2. How interested are we in looking at changes over time? Data available for years 2002-2018.

### Next steps:
1. Figure out answers to the questions above.
2. Start trying to map the data. I plan to read more about how use Leaflet this week. 

# June 14 

I familiarized myself with the following datasources: Low-Income Energy Affordability Data (LEAD) Tool and Longitudinal Employer-Household Dynamics Origin-Destination Employment Statistics (LODES). The structure for each dataset is shown below. I also used [Jacob's handy-dandy function](https://github.com/jacob-gg/manager) to check for missing data! In instances where there were no missing data, I removed that line of code.

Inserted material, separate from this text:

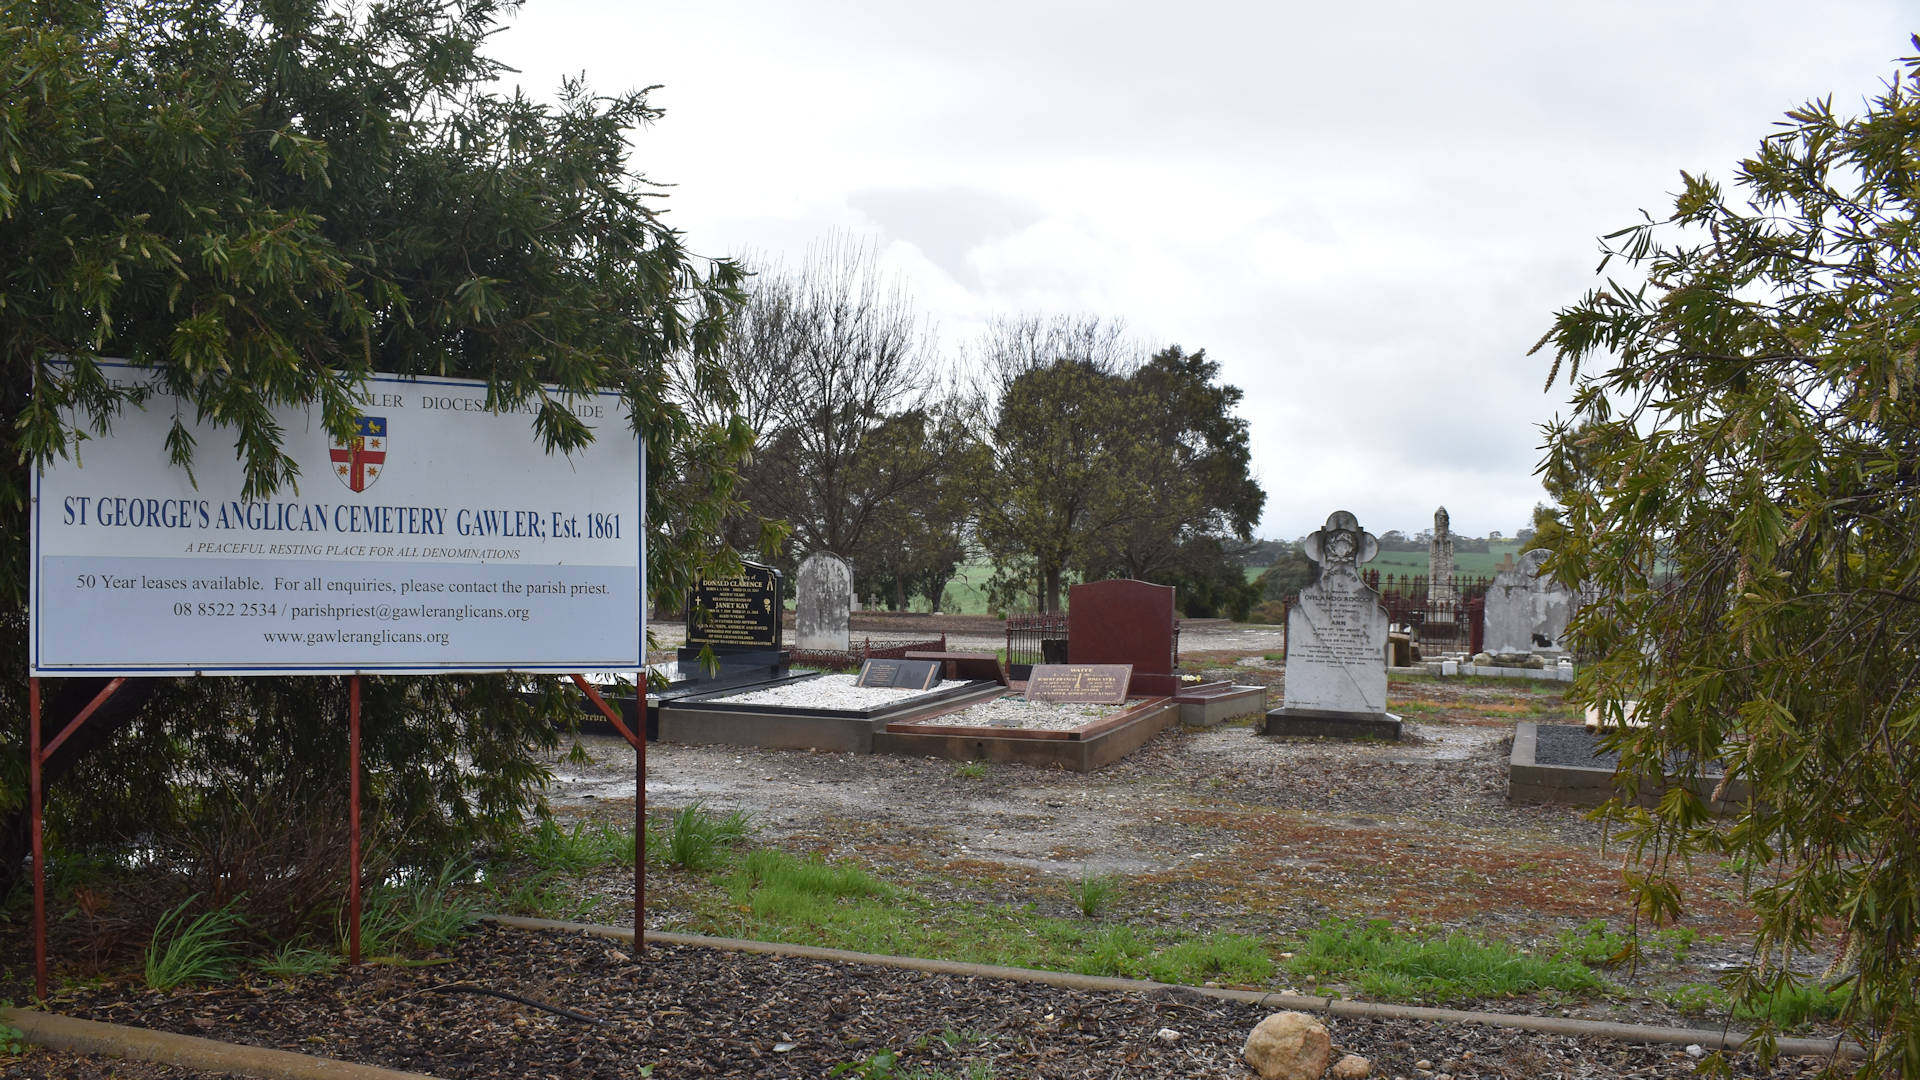 Front of the St George Anglican Cemetery in Gawler, established 1861

Everything shown below is based on the csv's available for download from each of these sources---I've done no data cleaning or re-formatting.


```{r LEAD}
knitr::opts_chunk$set(echo = TRUE)
source('https://raw.githubusercontent.com/jacob-gg/manager/main/R/loch_missingness_monster.R')
setwd("/Users/Carlson/Desktop/Equity Center Data Exploration")
leaddat1 <- read.csv("VA AMI Census Tracts 2018.csv")
leaddat2 <- read.csv("VA FPL Census Tracts 2018.csv")
lodesOD <- read.csv("va_od_aux_JT00_2002.csv")
lodesRAC <- read.csv("va_rac_S000_JT00_2002.csv")
lodesWAC <- read.csv("va_wac_S000_JT00_2002.csv")
```

## LEAD
Four different data files are available for the state of VA: (1) Census tracts energy data with Area Median Income (AMI), (2) Census tracts energy data with % Federal Poverty Level (FPL), (3) State, counties, and cities energy data with AMI, and (3) State, counties, and cities energy dat with % FPL. Below, I show the structures and missing data information for datasets 1 ("leaddat1") and 3 ("leaddat2"). 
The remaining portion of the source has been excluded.